— What you will do —
Exactly as written, print every line of the listing below and omit its pictures.

— Data below —
*-*-*

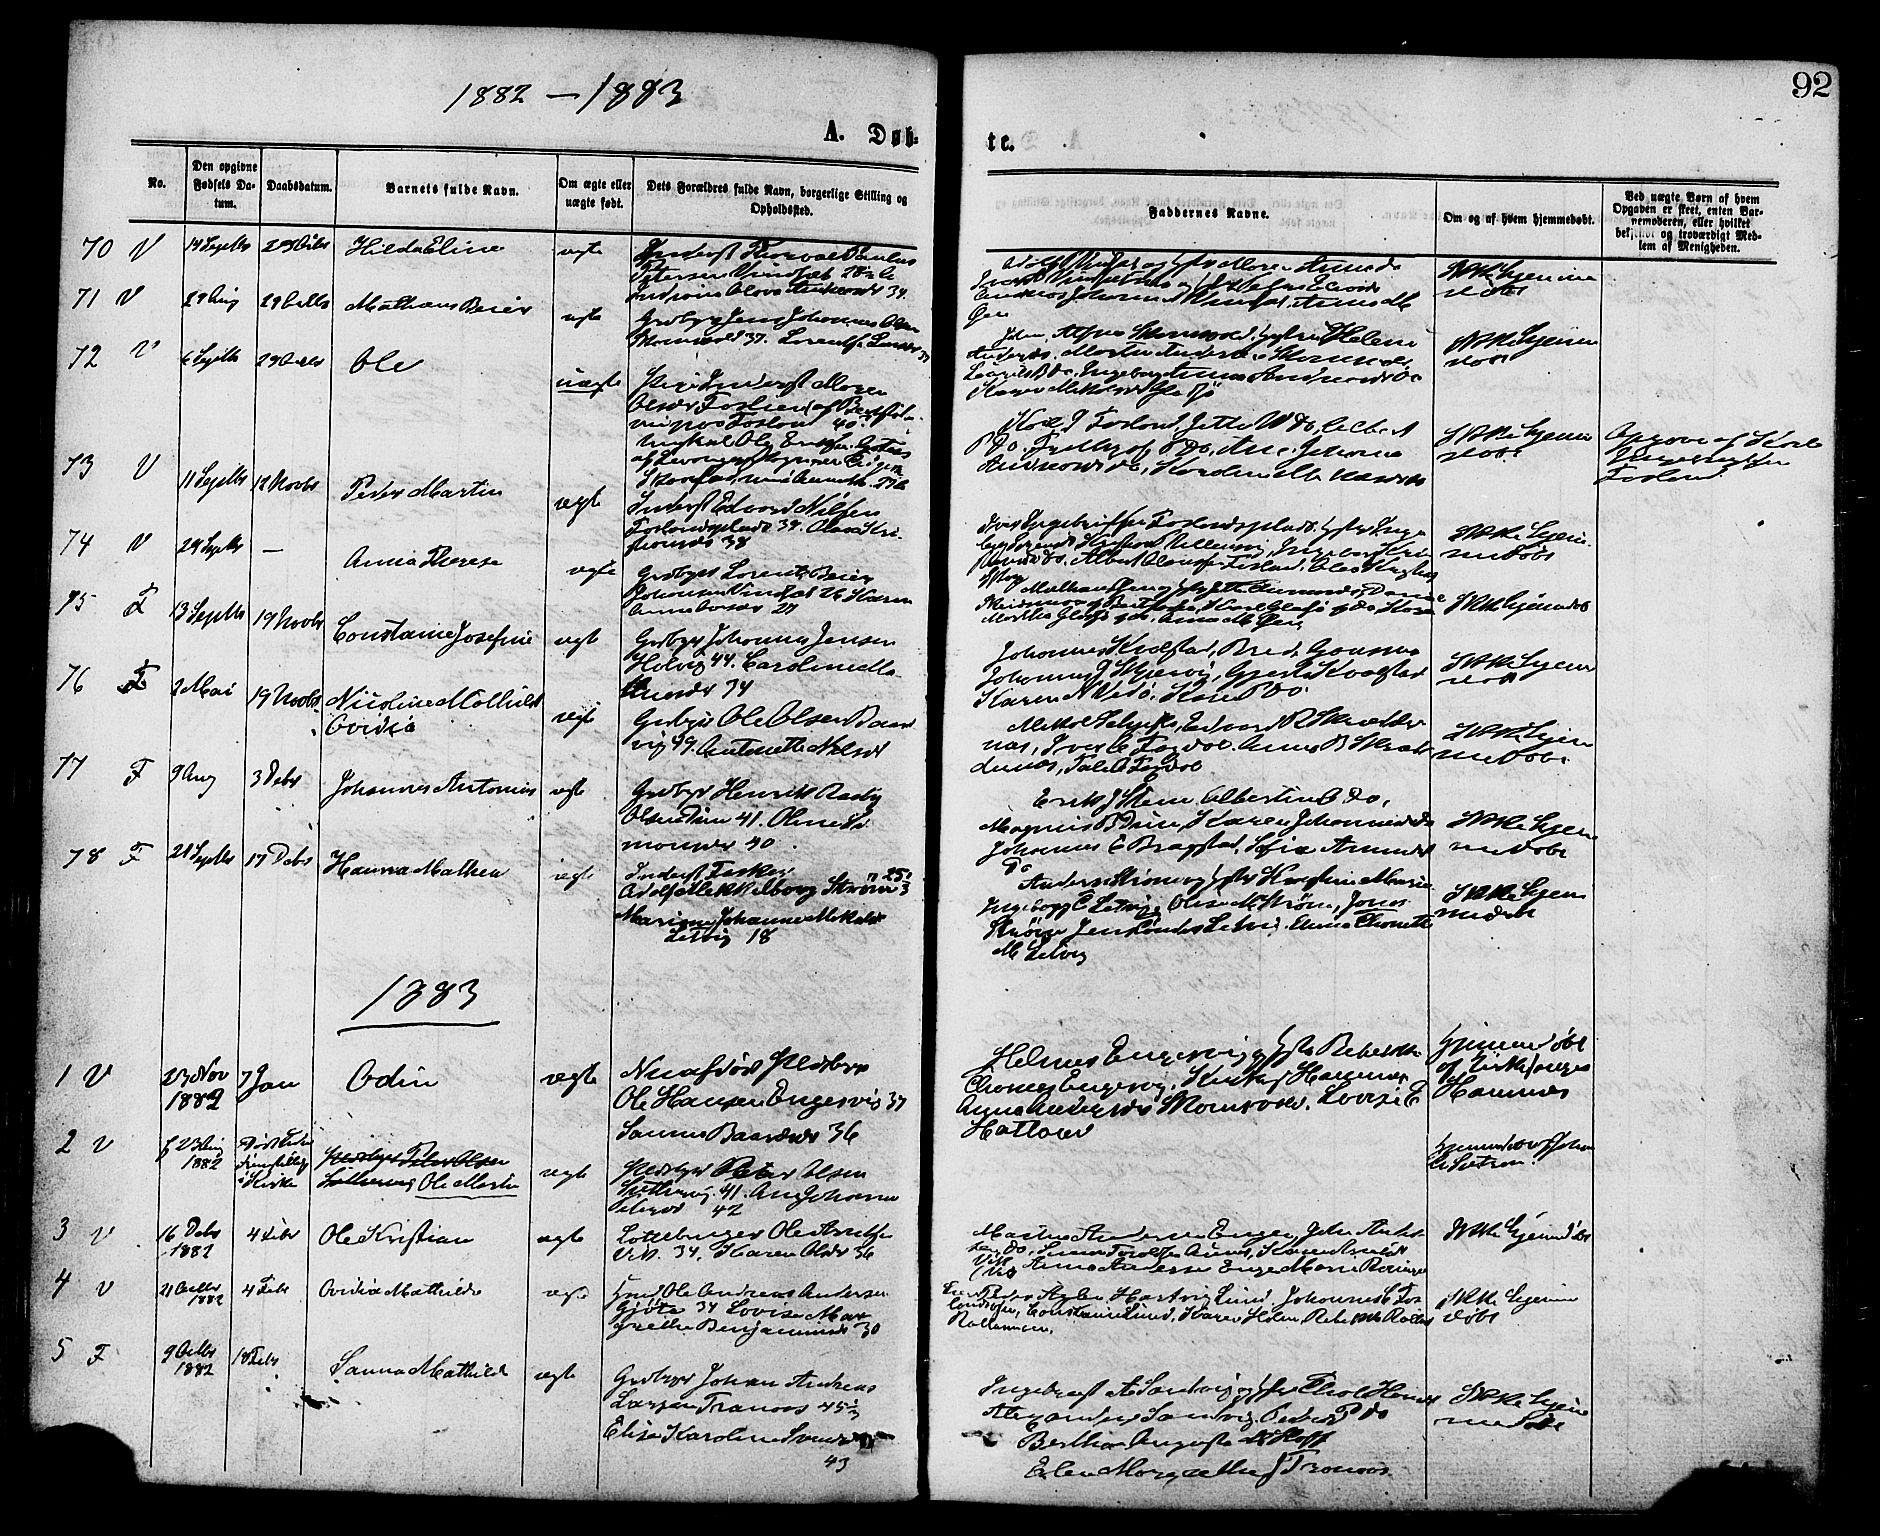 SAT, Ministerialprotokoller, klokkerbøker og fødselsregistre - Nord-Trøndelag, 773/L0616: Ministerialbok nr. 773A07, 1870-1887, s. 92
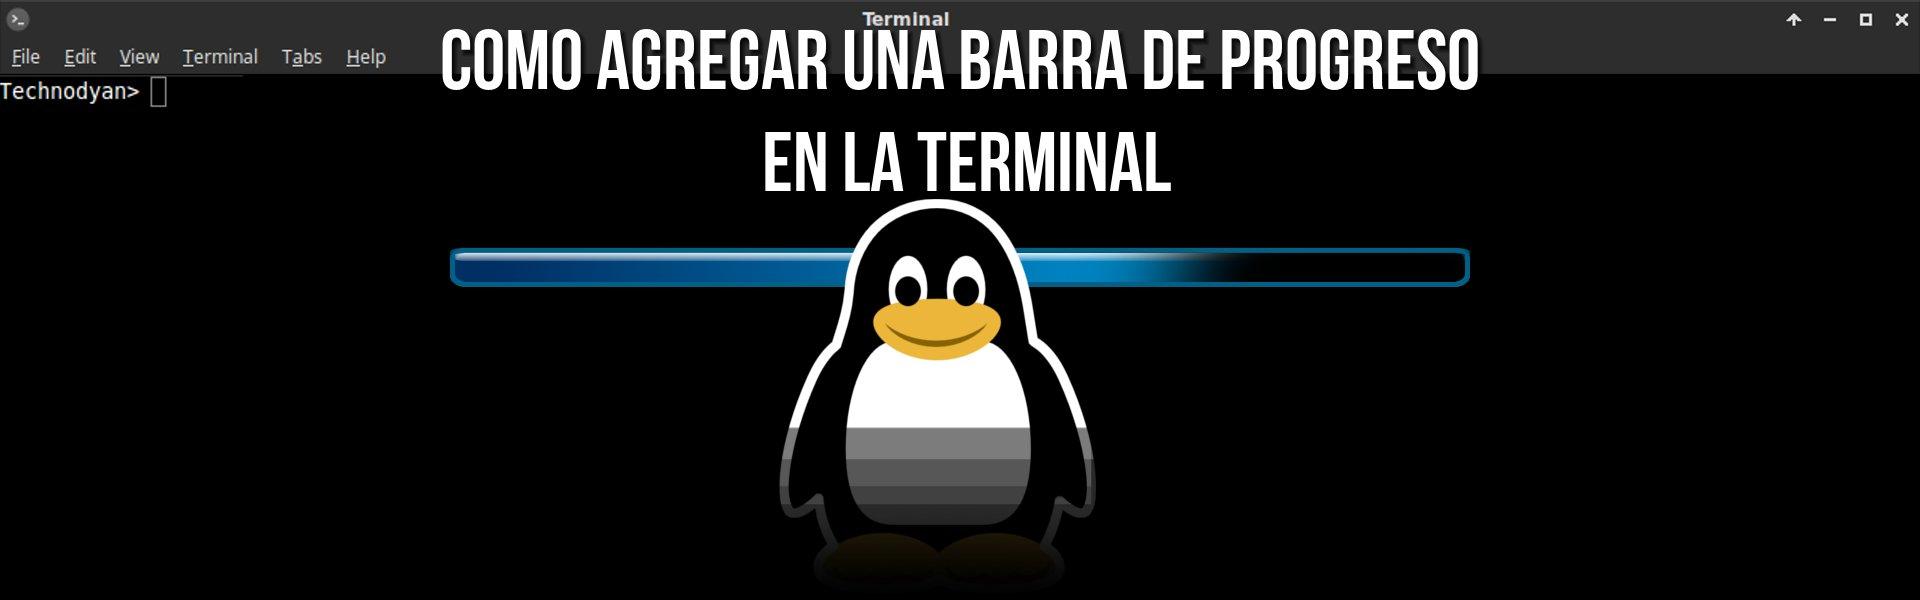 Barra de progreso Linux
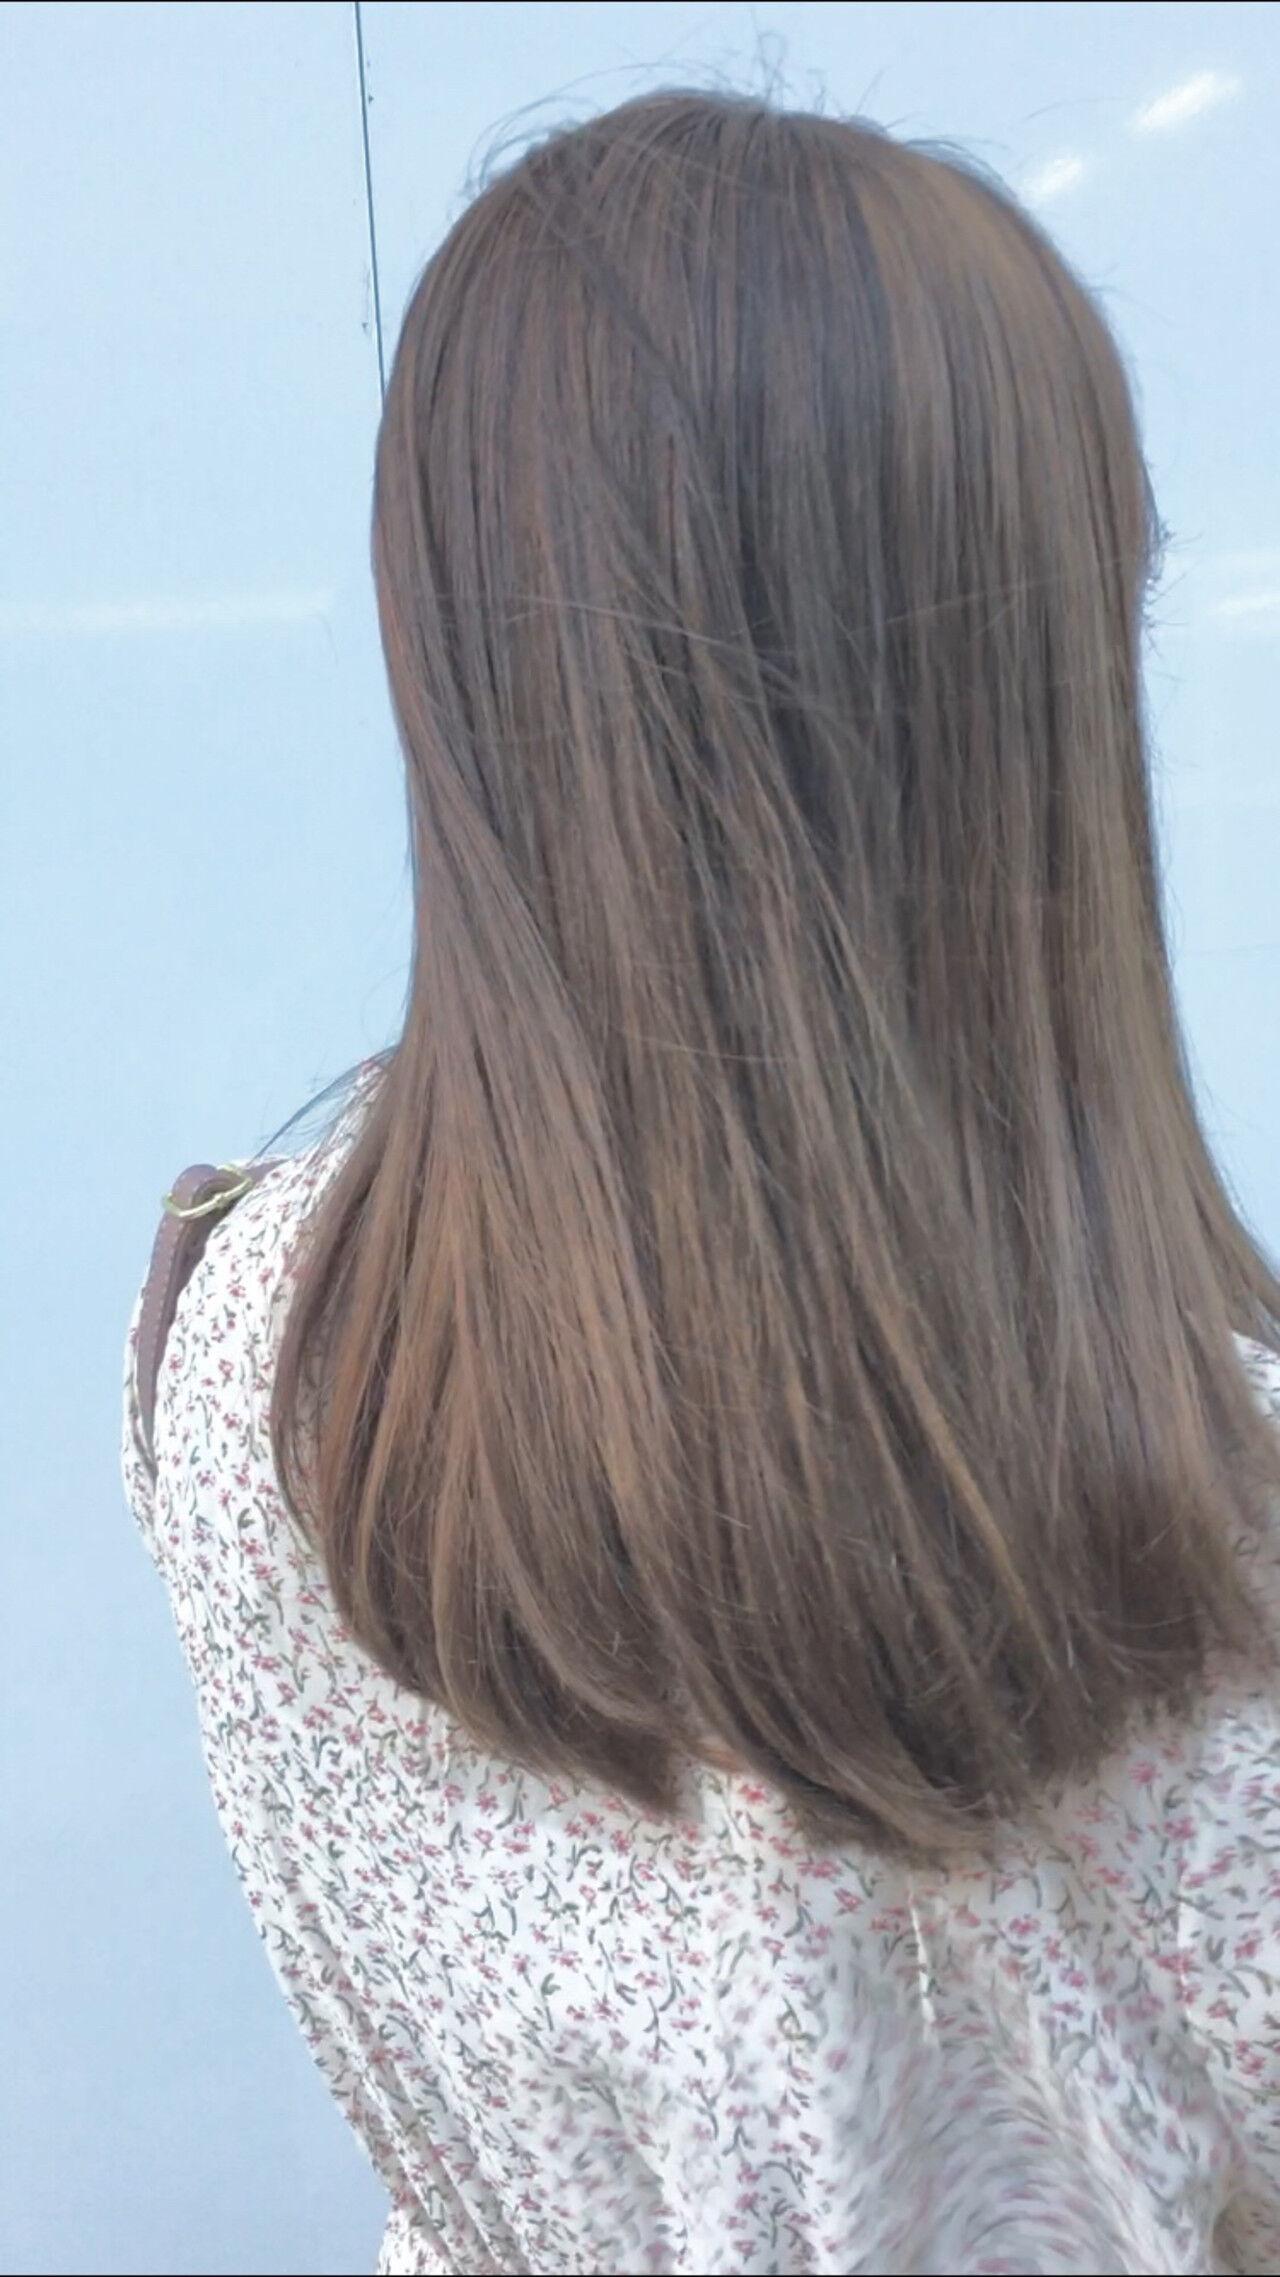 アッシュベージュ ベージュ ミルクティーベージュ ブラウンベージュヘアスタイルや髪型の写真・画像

*-*-*

— Answer to this problem —
 SAT, Ministerialprotokoller, klokkerbøker og fødselsregistre - Nord-Trøndelag, 773/L0616: Ministerialbok nr. 773A07, 1870-1887, s. 92
 Barra de progreso Linux
 アッシュベージュ ベージュ ミルクティーベージュ ブラウンベージュヘアスタイルや髪型の写真・画像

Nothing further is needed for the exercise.